Moreover, the anonymity or pseudonymous nature of blockchain technology is a major factor why several countries, including India, are concerned. Illicit financial activities like money laundering and tax evasion also add to significant reasons for the government’s lack of interest in crypto.

Former Reserve Bank of India Governor Shaktikanta Das once underscored that cryptocurrencies are risks for both monetary and financial stability. “It also may create a situation where the central bank may lose control of money supply in the economy”, said the Governor, while speaking at the Peterson Institute for International Economics in 2024.   

Bottom Line

As India's Finance Minister Nirmala Sitharaman presented the Union Budget for the 2026-2027 fiscal year, crypto investors in the country saw no hope.
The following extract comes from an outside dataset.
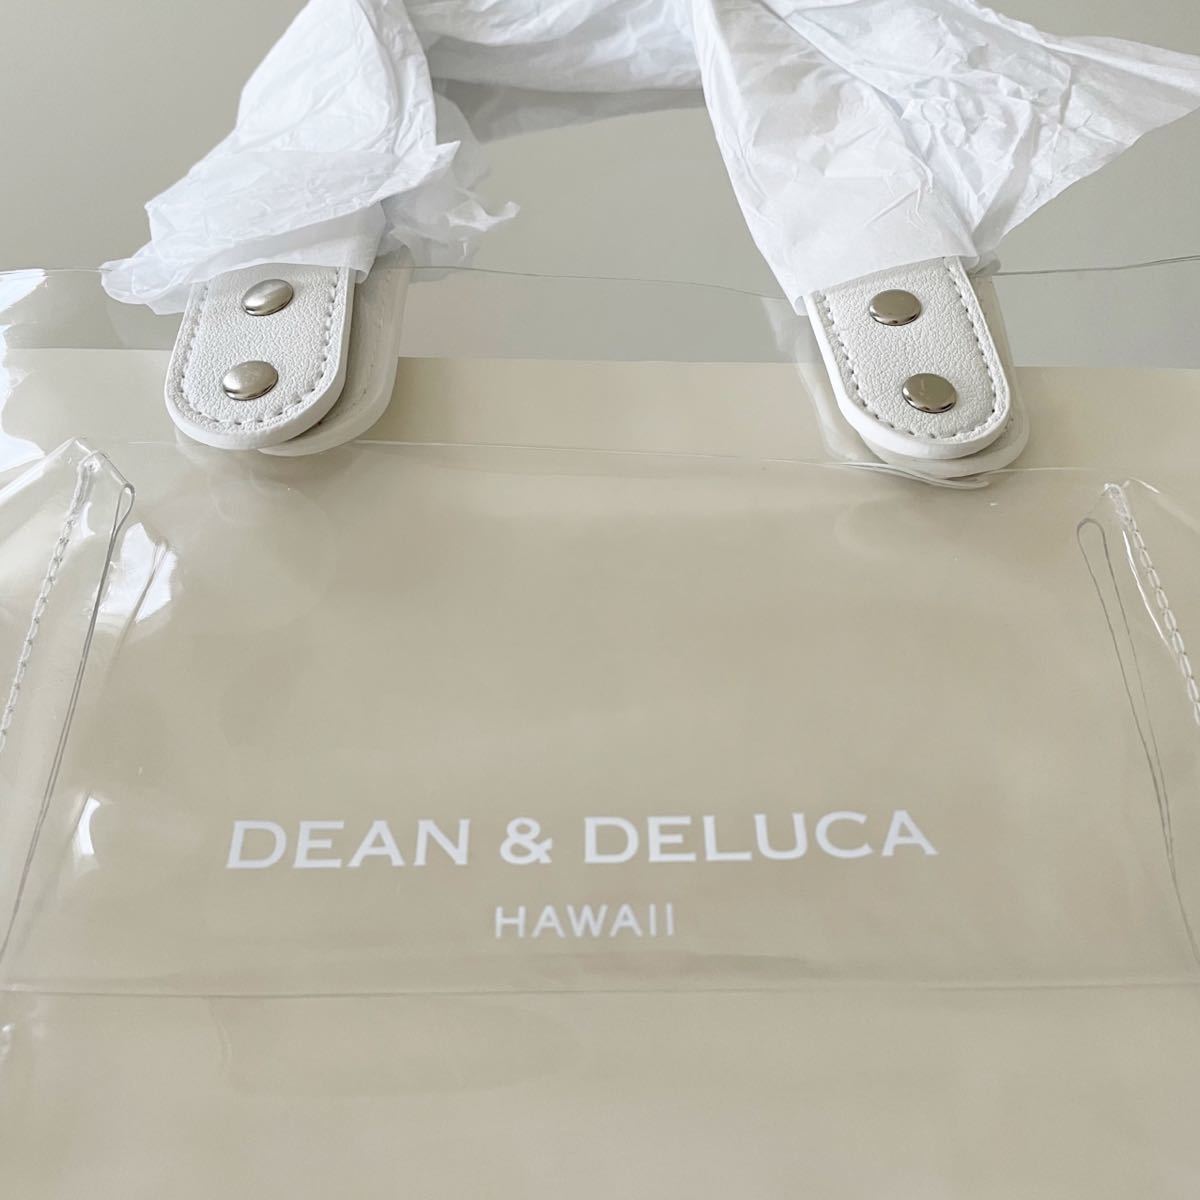 DEAN&DELUCA Гаваи ограничение винил большая сумка серый новый товар Гаваи Dean and Dell -ka

The 30% tax on profits earned through crypto is still left unchanged. However, the country is implementing strict compliance rules, where firms failing to report their transactions must pay a ₹200-per-day fine for non-filing and a flat ₹50,000 penalty for providing wrong information. 

Disclaimer:
This article is for informational purposes only and does not constitute financial, investment, or trading advice. Cryptocurrency investments are subject to high market risk. Readers should conduct their own research or consult with a financial advisor before making any investment decisions. The views expressed here do not necessarily reflect those of the publisher.